* [EXERCISE DATA]

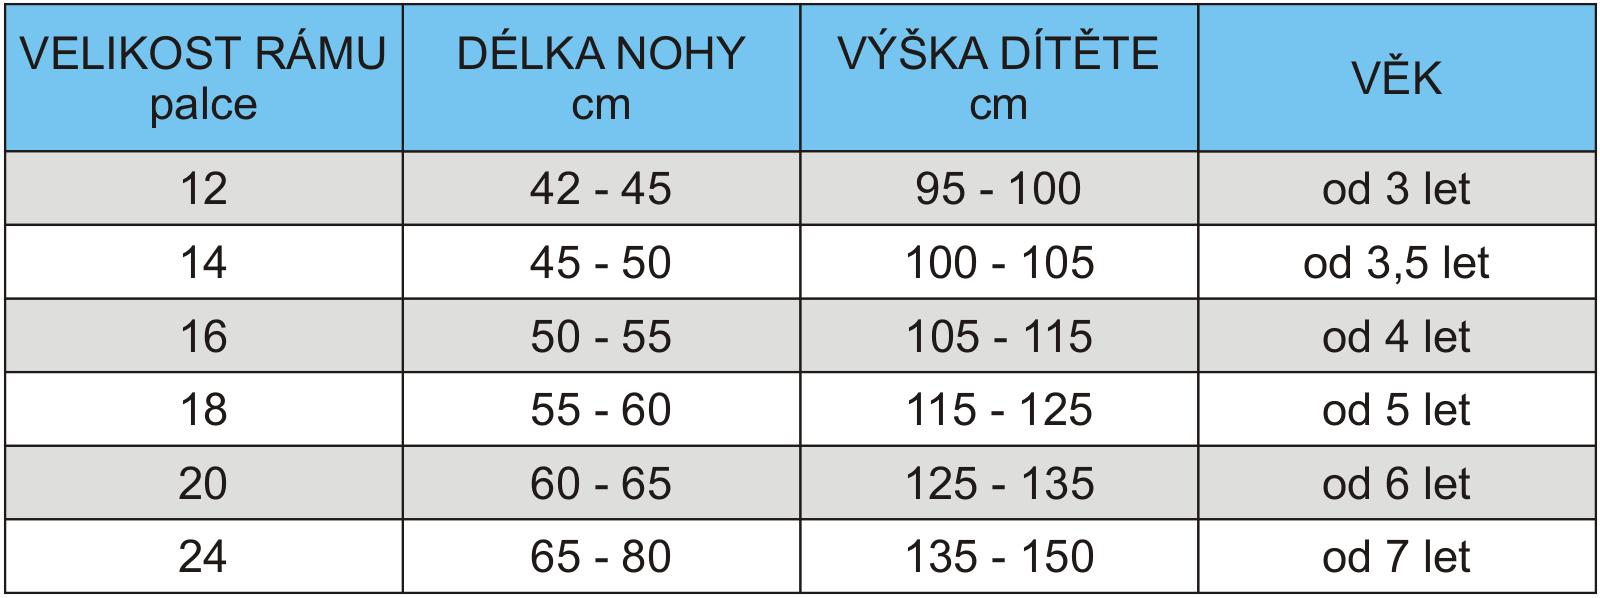 Tabulky velikostí kol - MOXMA.CZ 6b30bab0a7
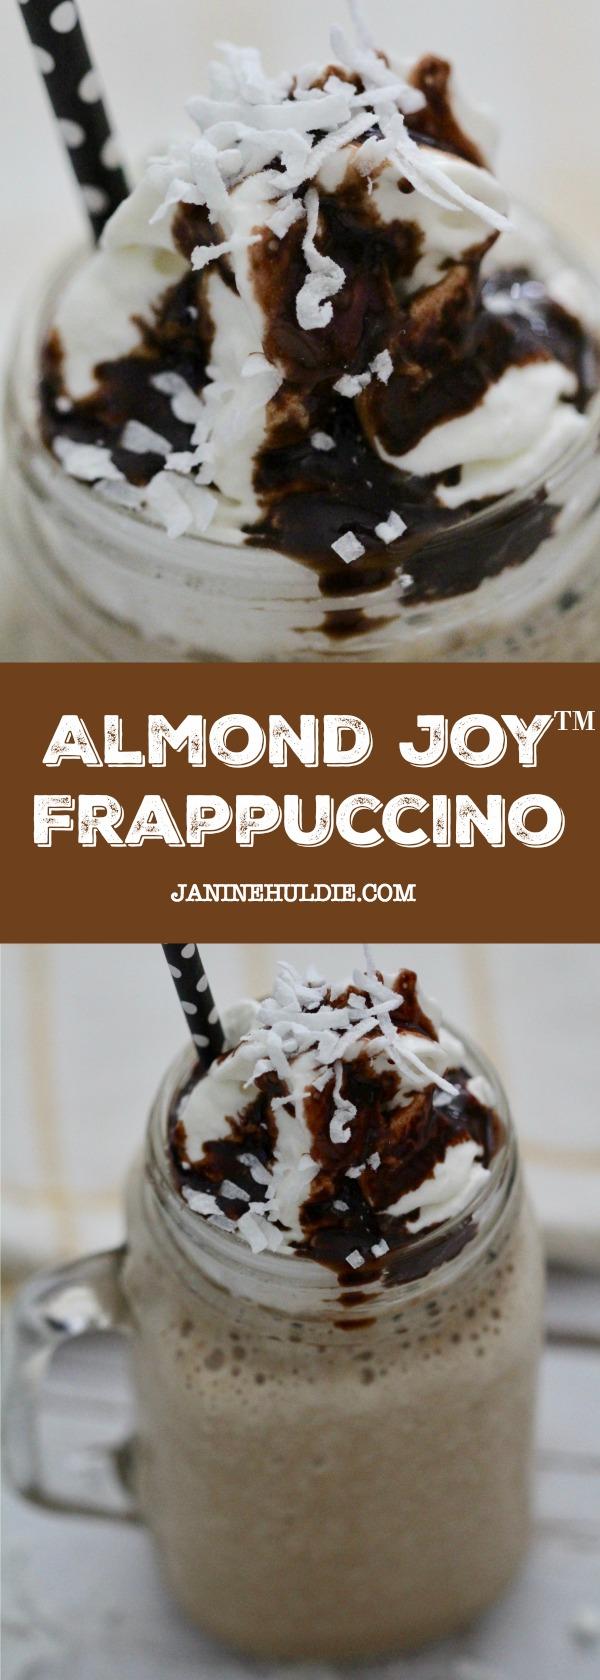 Almond Joy Frappuccino Recipe
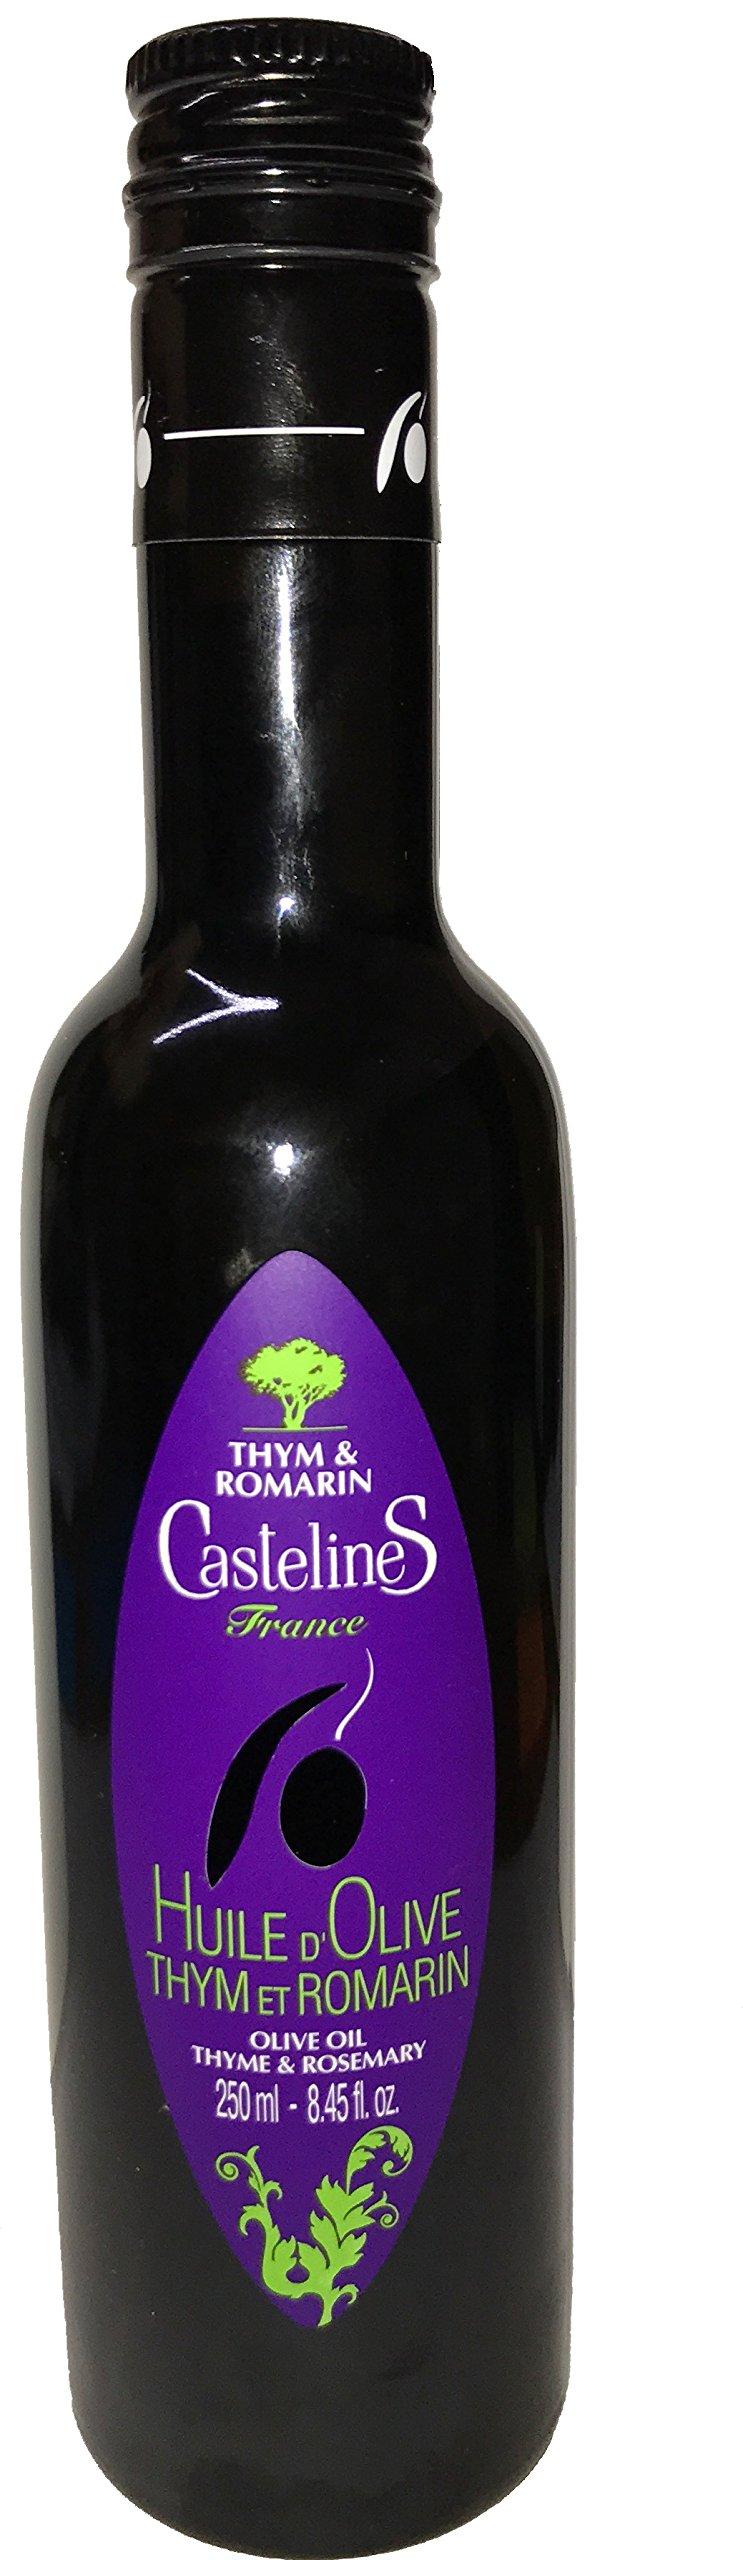 Moulin CastelaS Castelines Thyme & Rosemary Olive Oil 8.45 fl oz.

* [PROMPT] Copy out the whole listing exactly. Skip its pictures.

* [SOLUTION FOR THIS TASK]
 Tabulky velikostí kol - MOXMA.CZ 6b30bab0a7
 Almond Joy Frappuccino Recipe
 Moulin CastelaS Castelines Thyme & Rosemary Olive Oil 8.45 fl oz.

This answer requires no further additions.